2.3. Neurological and neuropsychological batteries
All PPAOS subjects underwent detailed neurological examination by a behavioral and movement disorders specialist (KAJ) and detailed neuropsychological testing. The neurological examination included assessing general cognitive function with the Mini-Mental State Examination (Folstein, Folstein, & McHugh, 1975); executive function with the Frontal Assessment Battery (FAB) (Dubois, Slachevsky, Litvan, & Pillon, 2000); praxis with the Limb Apraxia subscale of the WAB (Kertesz, 2007); functional performance with the Clinical Dementia Rating Scale sum of boxes (CDR-SB) (Hughes, Berg, Danziger, Coben, & Martin, 1982); neuropsychiatric features with the brief questionnaire form of the Neuropsychiatric Inventory (NPI-Q) (Kaufer et al., 2000), and motor function with the Movement Disorders Society sponsored revision of the Unified Parkinson’s Disease Rating Scale (MDS-UPDRS) Parts III (Goetz et al., 2008). The neuropsychological examination included assessment of memory with the Auditory Verbal Learning Test (AVLT) (Rey, 1964) delayed recall; executive function using the Delis-Kaplan Executive Function system (DKEFS) card sort(Delis, Kaplan, & Kramer, 2001); and visuoperceptual function using the Visual Object and Space Perception Battery (VOSP) incomplete letters (Warrington & James, 1991). Mayo Older American Normative Studies (MOANS) age-adjusted scaled scores (Ivnik et al., 1992) were used for the AVLT and scaled scores based on published norms were used for the DKEFS. The MOANS and DKEFS scores are constructed to have a mean of 10 and standard deviation of 3 in cognitively healthy participants.
2.4. Neuroimaging
All PPAOS and control subjects had both volumetric MRI performed at 3T using a standardized protocol. A 3D magnetization prepared rapid acquisition gradient echo (MPRAGE) was performed at each time-point using the following parameters: TR/TE/T1, 2300/3/900 ms; flip angle 8°, 26-cm FOV; 256 × 256 in-plane matrix with a phase FOV of 0.94, voxel sizes of 1×1×1.2mm. All MPRAGE images underwent pre-processing correction for gradient non-linearity (Jovicich et al., 2006) and intensity non-uniformity using a combination of N3 (Sled, Zijdenbos, & Evans, 1998) and the SPM5 normalization (www.fil.ion.ucl.ac.uk/spm).
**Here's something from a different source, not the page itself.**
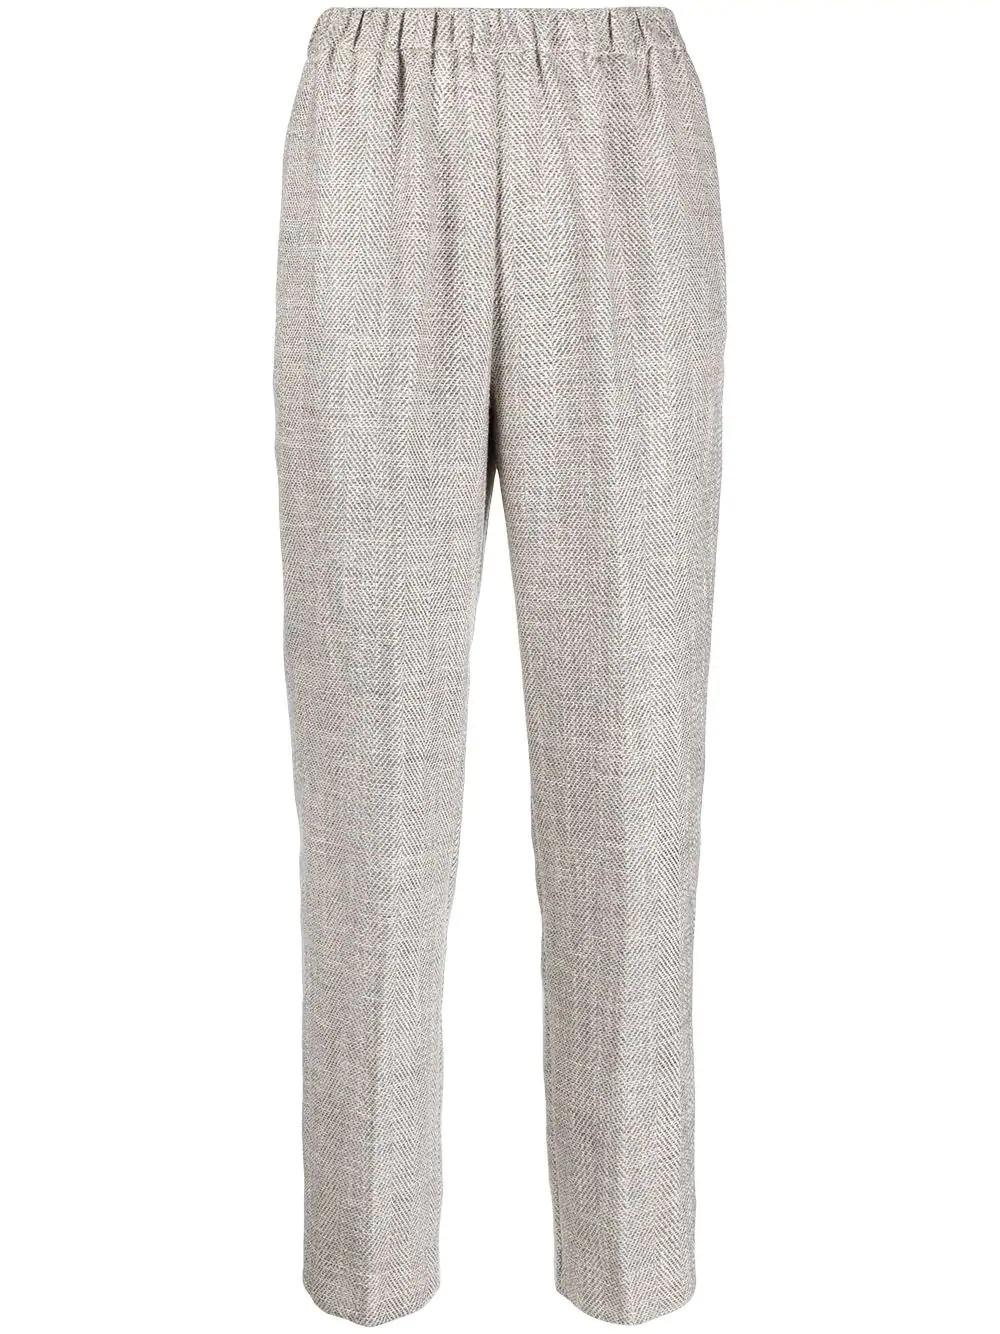 pantalone elastico resca lino cotone
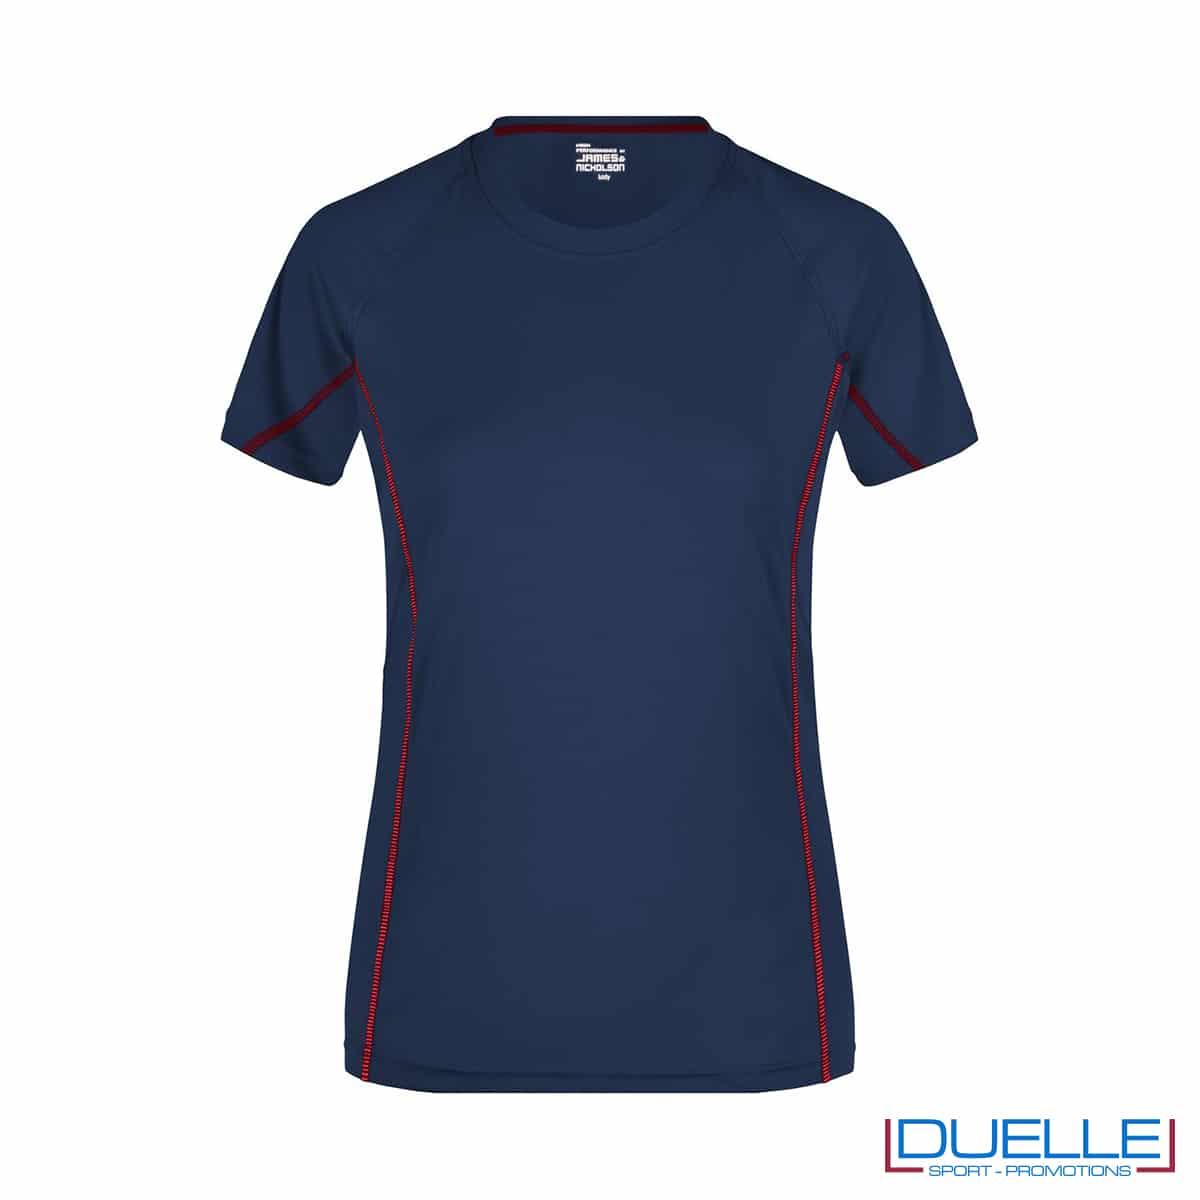 Maglia running Coolmax donna colore blu navy/rosso personalizzata

Longitudinal patterns of grey matter atrophy were assessed using an in-house developed version of tensor-based morphometry using symmetric normalization (TBM-SyN) (Jack et al., 2014) and Statistical Parametric Mapping (SPM5) (www.fil.ion.ucl.ac.uk/spm) software. The symmetric normalization forces the deformation between two images to be symmetric with respect to the direction of the deformation, eliminating asymmetry in the registrations and ensuring that the absolute changes from scan A to scan B are the same as from B to A (Fox, Ridgway, & Schott, 2011). First, all the repeat scans were iteratively registered to their common mean, using a nine degrees-of-freedom (9DOF) rigid-body registration. A differential-bias correction was then performed in order to balance image intensities across each scan-pair (Lewis & Fox, 2004). The symmetric normalization (SyN) algorithm (Avants, Epstein, Grossman, & Gee, 2008) was applied to each 9DOF registered and differential bias corrected scan-pair. The SyN algorithm was used to compute a nonlinear deformation required to transform the later image to the earlier image for each pair of scans, producing an image of the log of the Jacobian determinants for each deformation. The log Jacobian image for each subject was scaled by the inter-scan interval, producing annualized log Jacobian images, normalized to template space (Vemuri et al., 2008) for statistical comparison, and smoothed at 10mm full-width at half maximum. Two-sided t-tests were used to compare the annualized log Jacobians between groups including age and sex as covariates. As a secondary analysis, regression analyses were performed to assess correlations between clinical measures and rates of atrophy at the voxel-level. Results were assessed corrected for multiple comparisons using the family wise error correction at p<0.05 and uncorrected at p<0.001.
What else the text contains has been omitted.